Generally, inflation is just an increase in prices, which reduces the purchasing power of money. Of course, most of us want money to be worth what it was when we earned it, and when we saved it, so that we can buy things we expected to be able to buy with it.
So, how do you restore stability to the currency, create predictability, calm people’s hearts, so they can reasonably expect earning power and their savings to be worth about the same year to year?
The answer: You need to get at real root causes, what created a sudden inflation spike. This is how politics muddies the water – with competing narratives.
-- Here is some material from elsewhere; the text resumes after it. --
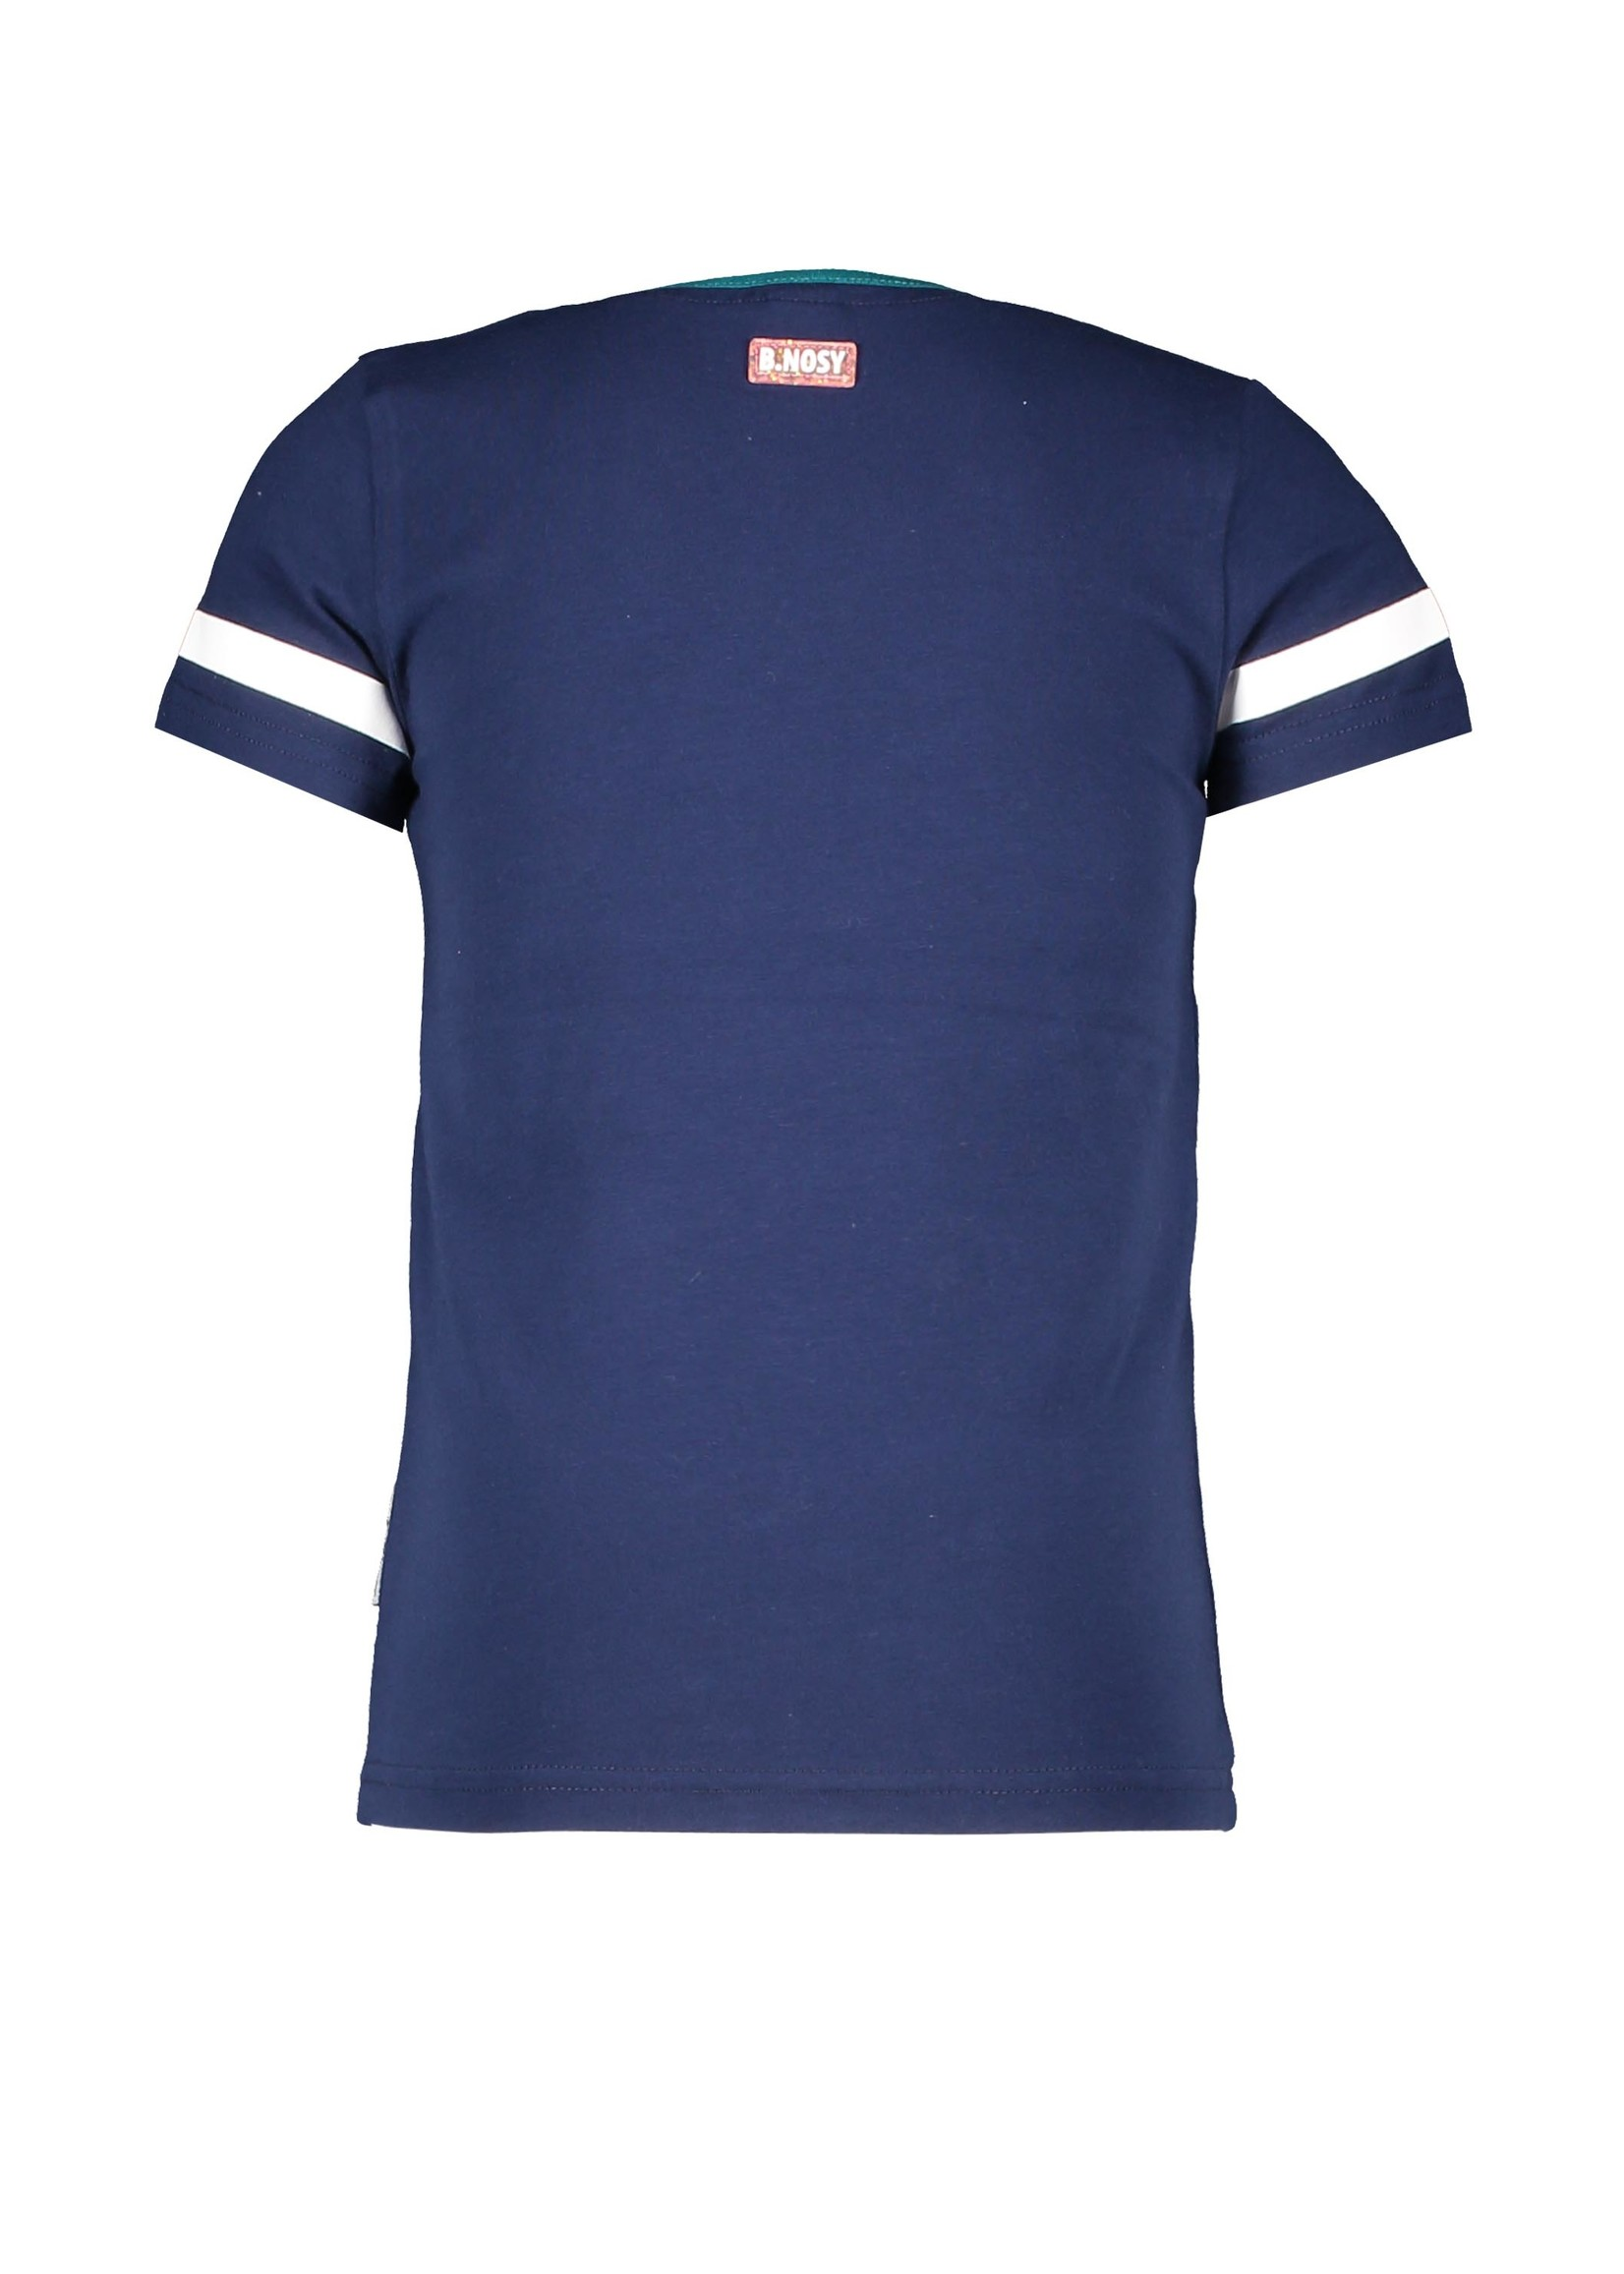 B.nosy Shirt Space Blue

Those responsible for overspending, taking more dollars out of the economy than expected, then trying to pay for that less-productive spending with higher taxes and just printing more dollar bills, tend to upset the apple cart.
Government overspending does not create the same outputs that leaving dollars in the private sector does. The so-called “multiplier effect” of a dollar in the private sector, the number of times that dollar changes hands, creating jobs, is far higher than government spending.
However, those responsible for government overspending – and thus inflation – do not like to admit overspending affects the value of dollars people earn and save, so they tout the government program.
A second cause of inflation, of course, is a shortage. Understanding how a shortage occurs is key. Currently, in the US, we have an imbalance between supply and demand for energy, and of course, all those things are transported to market through the use of energy. This drives prices up, creating inflation.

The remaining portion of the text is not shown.